La felicidad juega con nosotros a las escondidas. A veces tenemos suerte y la sorprendemos cuando menos lo esperamos. En una plaza, junto a una parrilla, detrás de una mirada, en una sonrisa, sentada a la mesa con tu viejo, en un sofá, en un cine. Siempre agazapada, escurridiza. Aparece y desaparece. Es pilla la felicidad y es raro hacerla contar porque es efímera. No nos da tiempo. Se borra siempre. Corremos para hacerle pica pero se las rebusca para hacernos un "piedra libre para todos los compas" Sonriente, nos mira burlona. La cosa es que sus compañeritos son unos indeseables que para qué te cuento: la desazón, la angustia, la tristeza, la preocupación y otros vagos que mejor perderlos que encontrarlos. Atorrantes que se ensañan con algunos y los acompañan a todos lados. Esos guachos no entienden que es un ratito nomás que nos los bancamos. Pero insisten. Y ahí estamos nosotros, como sin querer encontrarlos, quedándonos inmóviles ante ellos. Como cuando descubris escondido a tu mejor amigo y deseás no haber mirado, o que fuese invisible, y ahí está. La pucha, a correr que te vi.

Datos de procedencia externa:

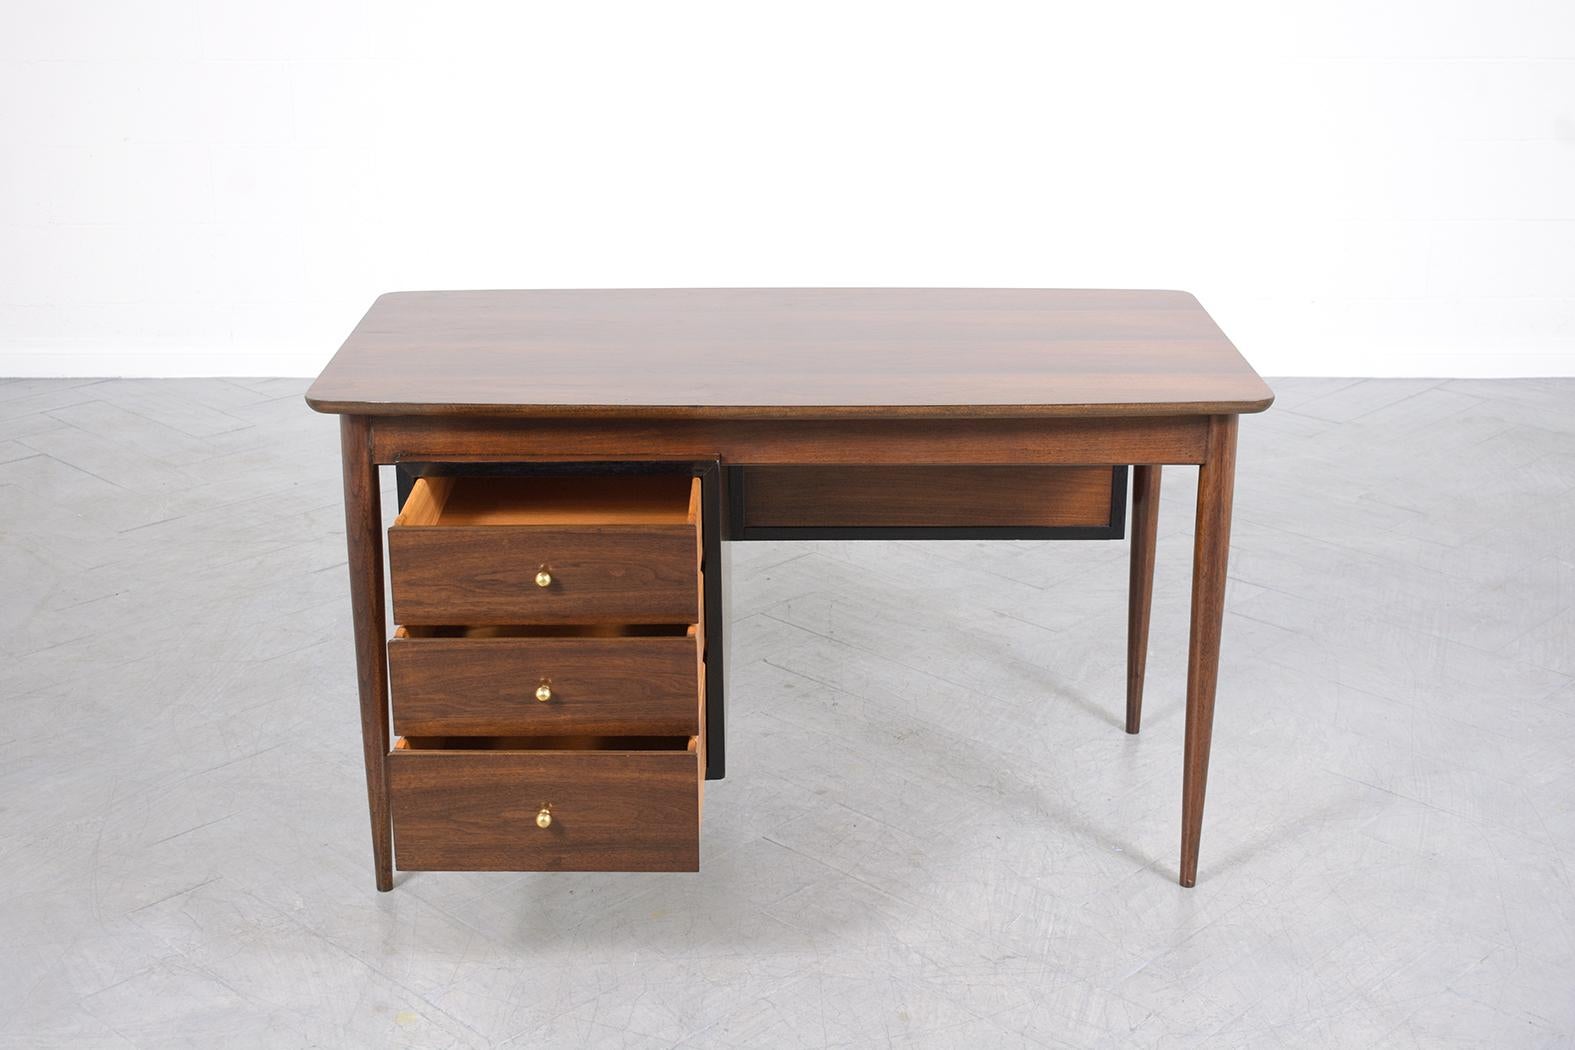 Hand-Carved Danish Modern Executive Desk in Walnut with Ebonized Accents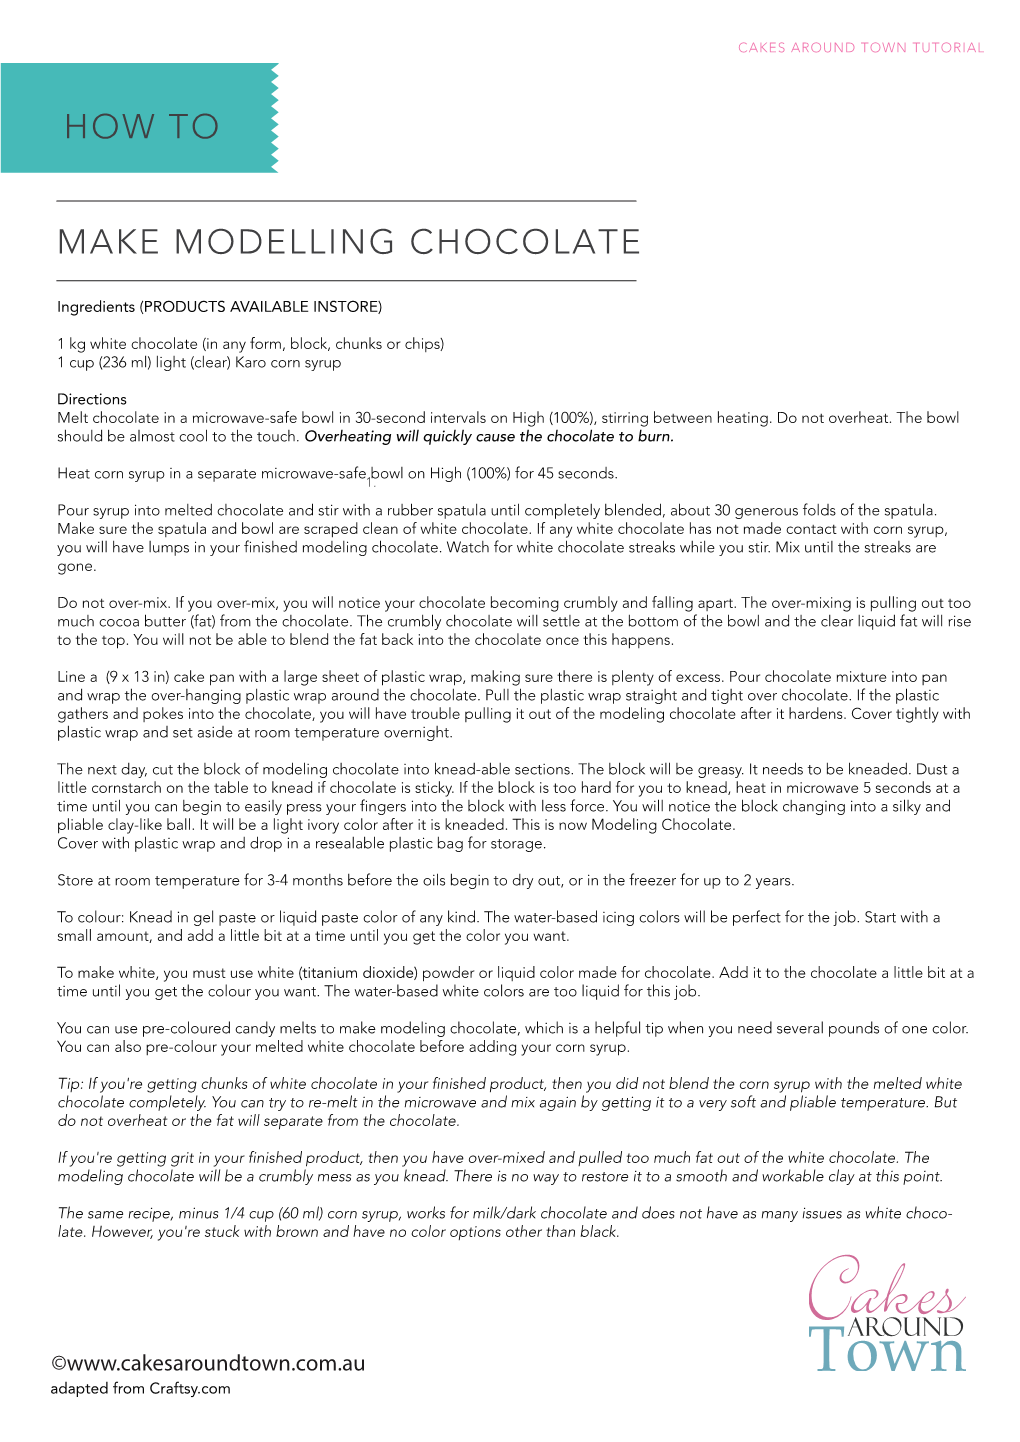 Make Modelling Chocolate How To

Así estamos jugando, buscando. La vida se nos pasa mientras curiosos seguimos asomándonos y corriendo para hacer pica. Tratando que no nos toque contar a nosotros para, quién te dice, poder ir de la mano de la felicidad a escondernos juntos a alguna parte.

Valorar

Todos valoramos las cosas cuando las perdemos. Una figurita, un libro, un suéter, una carta, un papá, la adolescencia, la niñez. Cosas pequeñas, cosas enormes. Personas, amores. Trabajos, vacaciones. Viajes. Momentos. Momentos. Momentos, todo son momentos. Puta madre me vino un recuerdo de algo que ya no tengo, con olores, sonidos, imágenes nítidas, el frío, el ruidito de las piedras cuando bajamos del auto los 3. Patricio, James y yo, en un pub una noche. Me acuerdo cristalinamente cómo me acerqué a la barra y vi servir tres cervezas. La conversación, la risa de mi hermano. La luz. Los billetes que cambiaban de mano. La gente, la decoración. Los viejos sentados cerca del fireplace, la música del idioma. El ambiente de otro siglo. No iba a contarte esto en absoluto pero como un relámpago me vino este flash. Un flash, esporádico como lo es todo. Que se pierde. Como casi todo. Por eso no quiero valorarte cuando te pierda, cuando no estés. Hoy me di cuenta que te amo de posta, no de palabra, porque tuve miedo de perderte. Me cuesta superar las barreras que me impongo, que invento, que alucino como Quijote que soy. Monstruos que se interponen. Excusas que aparecen y me pelean. NO quiero valorarte cuando no estés y el amor que se disfraza de miedo para hacerme ver, me dejó con frío. Con ganas de que me calientes los pies como solés hacer. Y te imagino acá, sin ríos que nos separen ni molinos que me impidan cruzar los campos que me lleven a disfrutarte y amarte hoy. Que te tengo.